The Session No. 8 – Beer and Food Hall of Fame

Yes, I missed out on the seventh edition of The Session last month, something to do with being in Victoria for the Great Canadian Beer Festival and lacking time. A sad excuse, I know, but at the same time, I wasn’t exactly inspired by the choice of themes — the Brew Zoo. With all due respect to Mr. Lyke, who chose the topic, selecting a beer to review by virtue of the fact that it has an animal in its name seemed, well, a bit lame.

session-logo-r-vsmNow, beer and food pairing, on the other hand, is a totally different matter. This subject was gifted to us by Captain Hops over at Beer Haiku Daily, although it could just as easily have been picked by yours truly. As anyone who has followed my work for any length of time will know, pairing beer and food (and wine and food and spirits and food and even cocktails and food) is more than a passion for me; it’s something which borders on obsession.

So there are any number of directions in which I could take this one: Recipes (like Stan Hieronymus), a day of dining with beer (like Mr. Bryson) or a beer and cheese pairing (as did Kieran over at Beer from the Motherland). Indeed, I’m having such a hard time decided which road to take that I’m going to point myself backward rather than forward and revisit my recent trip to Munich for a few days of Oktoberfest.

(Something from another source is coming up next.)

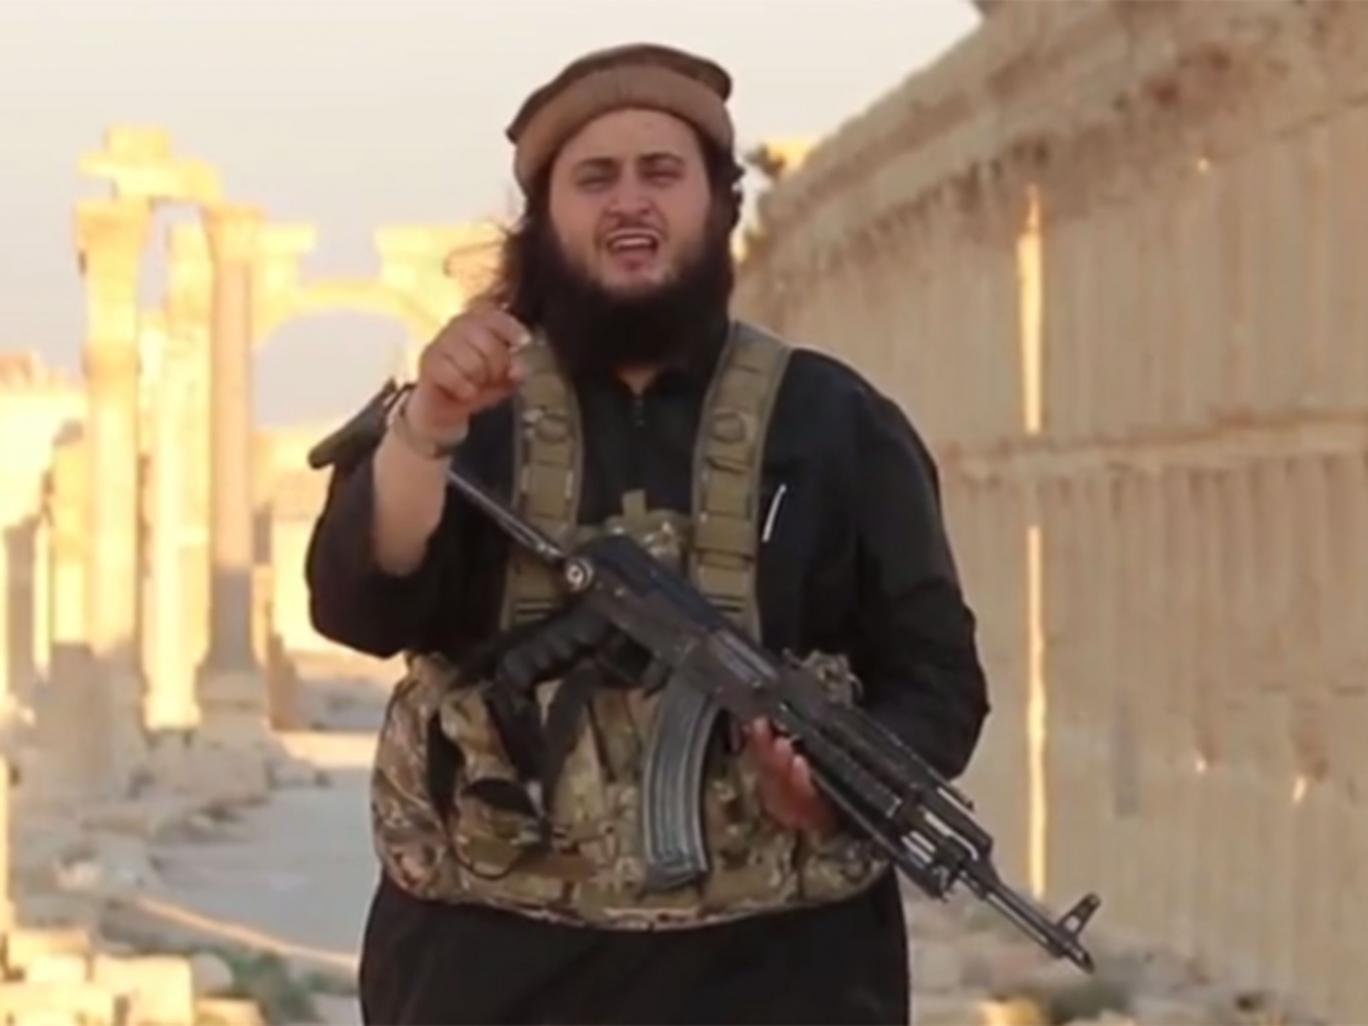 Harry S nói rằng anh đã chứng kiến các vụ thảm sát do một tay súng cực đoan người Áo thuộc tổ chức khủng bố IS là Mohamed Mahmoud (trong ảnh) tiến hành tại Palmyra.

Ah yes, Munich, land of glorious lagers, massive steins and some of the best sausages know to humankind. Including one which pairs with a specific variety of beer better than perhaps any other two such comestibles, and in so doing forms one of my Hall of Fame beer and food pairings: Weissbier and Weisswurst.

For the uninitiated, weissbier, or German-style wheat beer or weizen or hefeweizen or hefeweissbier, is a Bavarian form of wheat beer generally brewed from a generous proportion of malted wheat – up to 80% wheat, in some cases, with the remainder of the grain being barley malt – and fermented with yeast from a specific family. The involvement of said family of yeasts is of particular importance, since they characteristically impart to the beer a spiciness often perceived as clove and a fruitiness even more often smelled and tasted as banana. These two traits are critical to a beer so described, although some American brewers chose to ignore this fact and label their ordinary American wheat ales with the Germanic nomenclature.

The more obscure, at least in these parts, weisswurst is a veal sausage flavored with parsley and lemon, and packed in a thick casing not intended to be eaten. The taste is light, delicate and ever-so-faintly spicy, and with its lemony flavor makes a perfect companion to a healthy half-litre of weizen. (Wheat beer is, for some reason, the only beer the Bavarians refuse to serve in their trademark, one litre Mass steins.) To enjoy the combination at its most ideal, you must stand in Munich’s Viktualienmarkt with a glass of weissbier in one hand and a weisswurst in the other, alternately sipping your beer and squeezing the sausage out of its casing and into your mouth like a Freezee pop.

Or, if you’re lucky enough to be at Oktoberfest on this, its final weekend, seated at a table in the Hippodrom (the only Oktoberfest tent that serves weissbier) with a steaming bowl of weisswursts in water and a knife and fork at your side. Sip, slice the sausage down the middle, scoop out the filling and enjoy.